Changes in municipal monitoring programmes in the United States with regard to the selection of sites for THM evaluation in the distribution system and in the frequency of sampling over the course of a year would enhance the usefulness of the data that are routinely collected.
Water samples for this intensive survey were collected in July, August, September, and October of 1994 and in February, March, and April of 1995. During the seven sampling periods, samples were collected from each location on the same day (25/7/94, 3/8/94, 28/9/94, 26/10/94, 27/2/95, 31/3/95, 27/4/95); however, the time of day that each sample was collected was not recorded. Six locations were omitted during two of the sampling rounds (3/8/94 and 28/9/94) for logistic reasons. The water utility used free chlorine as both the primary and secondary disinfectant in their distribution system at the time these surveys were conducted. Chloroform comprises in excess of 80% of the total THM concentrations in this system.

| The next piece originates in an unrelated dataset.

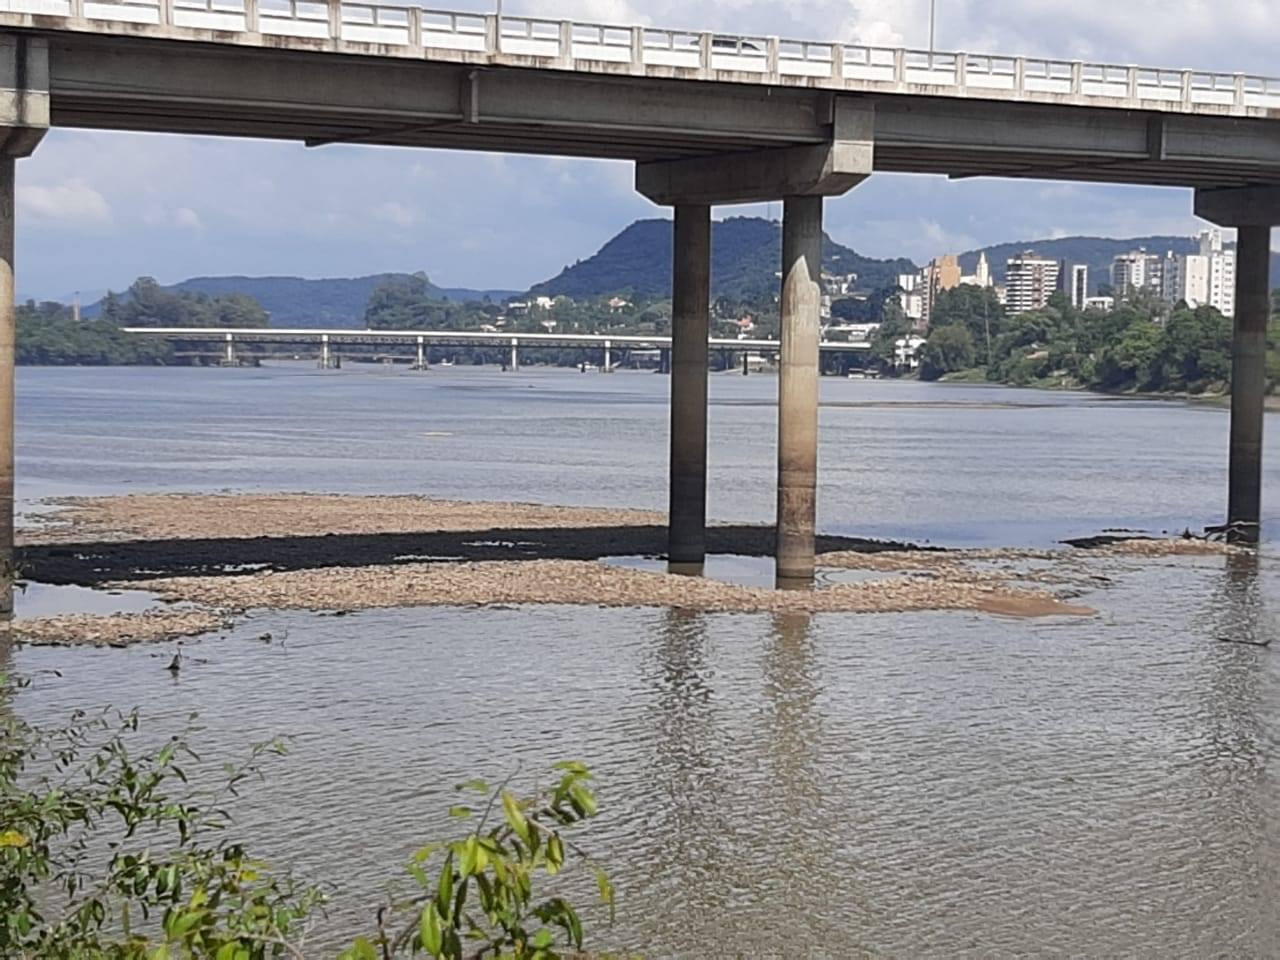 Estiagem faz Rio Iguaçu registrar nível mais baixo desde 1931, indica monitoramento

Levels of chloroform, bromodichloromethane, dibromochloromethane, bromoform, and total THMs in tap water were evaluated using standard methods of sampling and analysis19–21 and are briefly described here. After allowing the water to run for five minutes, samples were collected into 40 ml glass vials containing a few crystals of ammonium sulphate to quench any free chlorine residual and prevent further formation of THMs. The vials were then sealed headspace-free with Teflon faced septa, placed in an ice chest, and refrigerated on return to the laboratory. THM concentrations were analysed using gas chromatography with electron capture detection after hexane extraction, with a method detection limit of 1 μg/l.21 For quality control, tap water samples were collected and analysed in triplicate. In the four surveys that were conducted in 1994, the concentration data of individual THM constituents and of total THMs in the triplicate samples were available;19 in the three surveys conducted in 1995, only the average of the measurements of the triplicate samples collected at each location were reported.20
In addition to the monthly survey of 17 sites in the water utility’s service district, quarterly routine compliance monitoring records were obtained for THM levels at five locations for 12 different sampling periods during the interval from February 1991 to November 1993.19 Sampling was carried out by the water utility in accordance with EPA procedures. Following standard practice by water utilities, all locations were sampled on the same day. The water samples were analysed for THMs by a commercial state approved laboratory. Routine monitoring data were available for chloroform, bromodichloromethane, dibromochloromethane, bromoform, and total THMs.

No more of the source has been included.